Options for build/1.

Functions

Build a standalone sLSTM model for sequence processing.

Build a standalone sLSTM layer for use in custom architectures.

Default dropout rate

Default feedforward expansion factor

Default hidden dimension

Default number of layers

Get the output size of an sLSTM model.

Get recommended defaults.

Types

build_opt()

@type build_opt() ::
  {:embed_dim, pos_integer()}
  | {:hidden_size, pos_integer()}
  | {:num_layers, pos_integer()}
  | {:expand_factor, pos_integer()}
  | {:dropout, float()}
  | {:window_size, pos_integer()}

Options for build/1.

Functions

build(opts \\ [])

@spec build([build_opt()]) :: Axon.t()

Build a standalone sLSTM model for sequence processing.

Options

  • :embed_dim - Size of input embedding per frame (required)
  • :hidden_size - Internal hidden dimension (default: 256)
  • :num_layers - Number of sLSTM blocks (default: 4)
  • :expand_factor - Feedforward expansion factor (default: 2)
  • :dropout - Dropout rate (default: 0.0)
  • :window_size - Expected sequence length (default: 60)

Returns

An Axon model that processes sequences and outputs the last hidden state.
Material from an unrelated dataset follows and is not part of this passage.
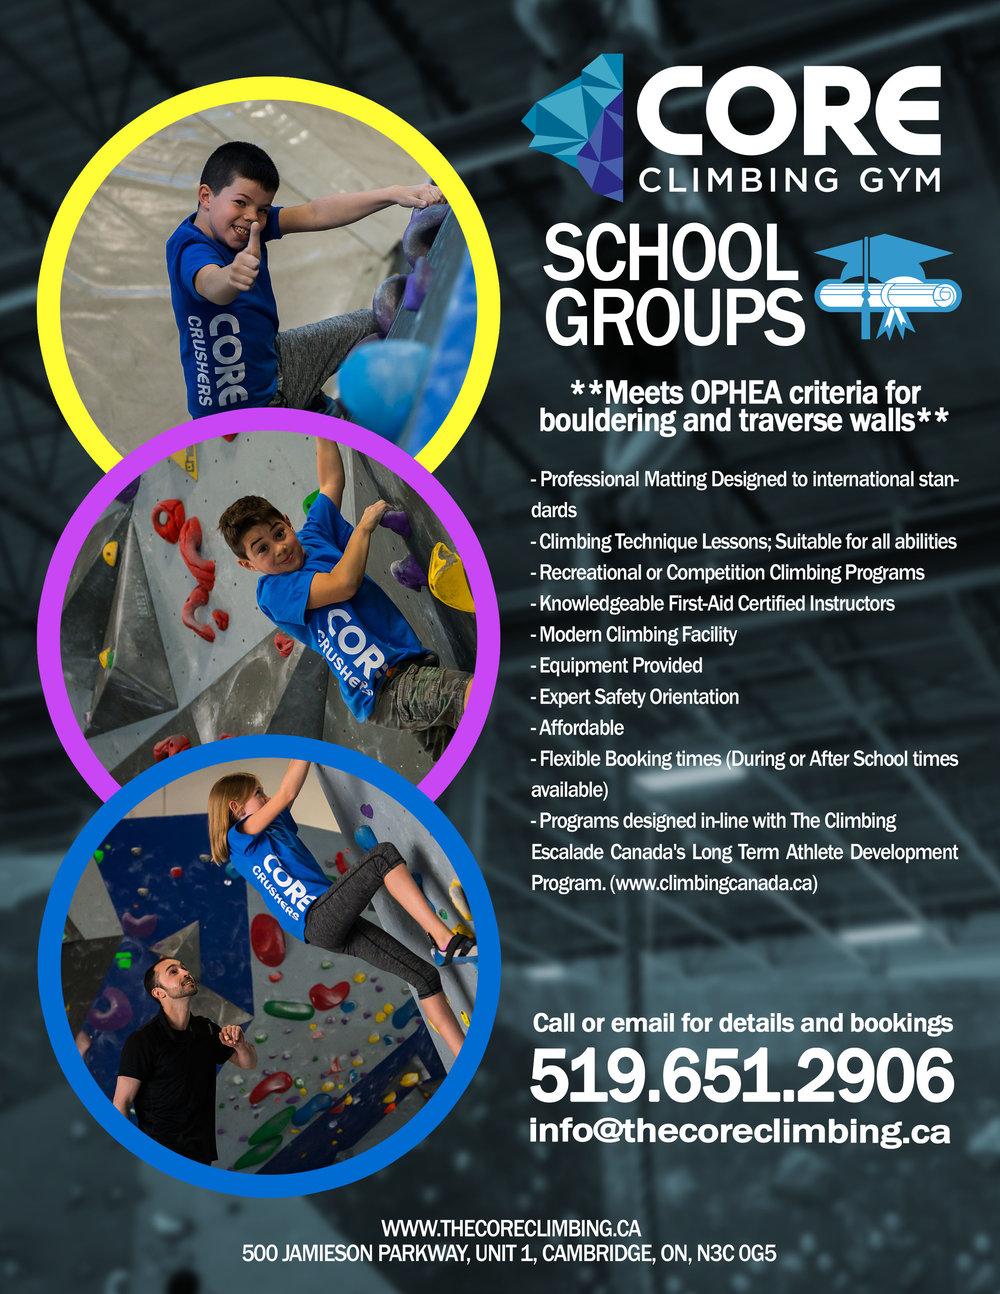 180812 - SCHOOL GROUPS.jpg

build_slstm_layer(input, hidden_size, name \\ "slstm")

@spec build_slstm_layer(Axon.t(), pos_integer(), String.t()) :: Axon.t()

Build a standalone sLSTM layer for use in custom architectures.
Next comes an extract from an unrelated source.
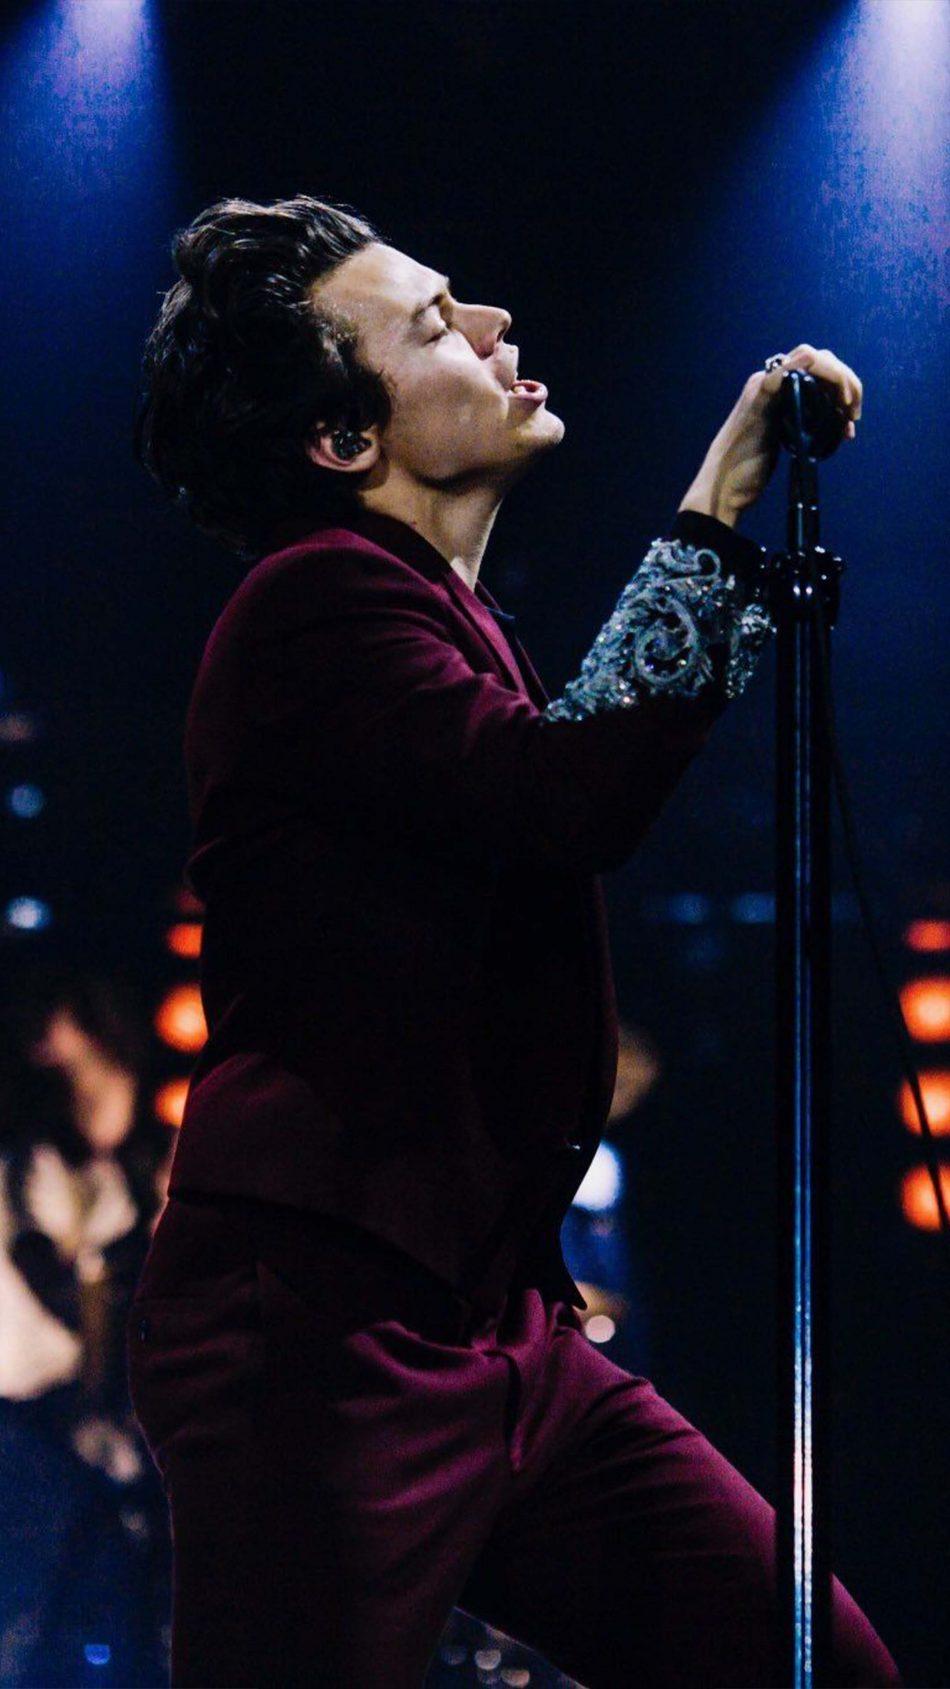 Harry Styles In Live Concert 4K Ultra HD Mobile Wallpaper

Returns an Axon node that applies sLSTM recurrence to the input sequence.

default_dropout()

@spec default_dropout() :: float()

Default dropout rate

default_expand_factor()

@spec default_expand_factor() :: pos_integer()
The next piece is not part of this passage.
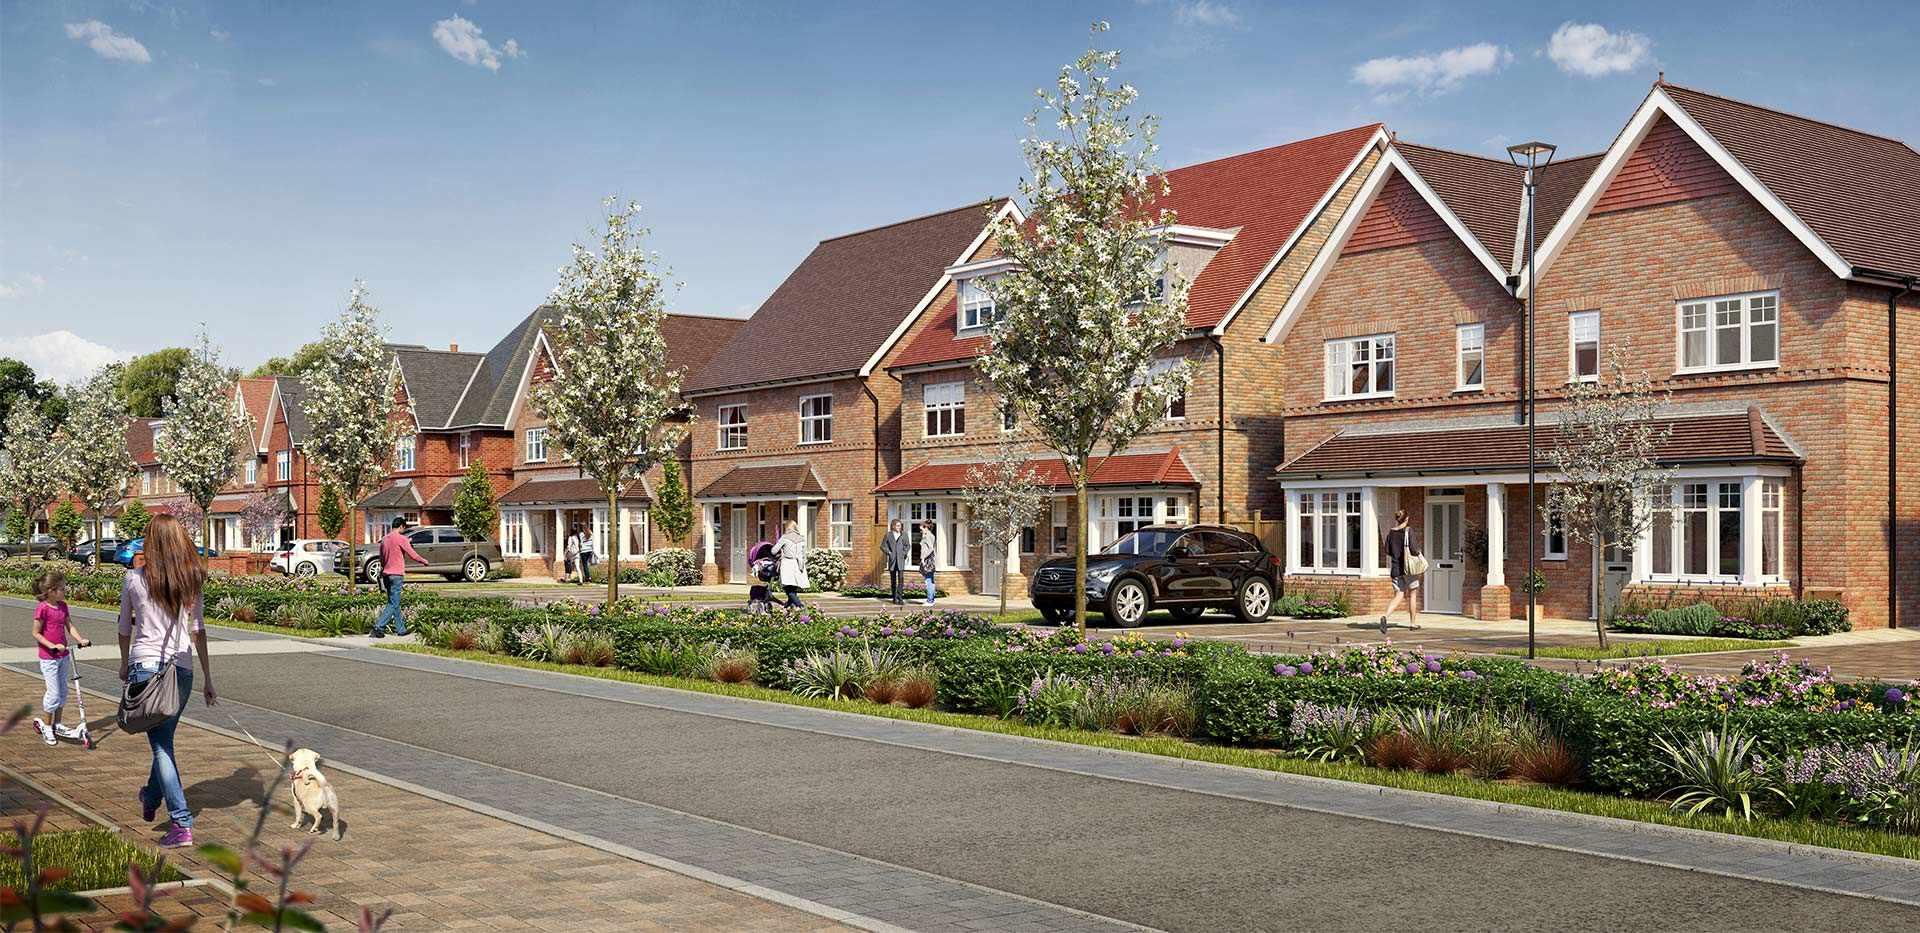 Highcroft | Houses | Wallingford

Default feedforward expansion factor

default_hidden_size()

@spec default_hidden_size() :: pos_integer()

Default hidden dimension

default_num_layers()

@spec default_num_layers() :: pos_integer()

Default number of layers

output_size(opts \\ [])

@spec output_size(keyword()) :: non_neg_integer()

Get the output size of an sLSTM model.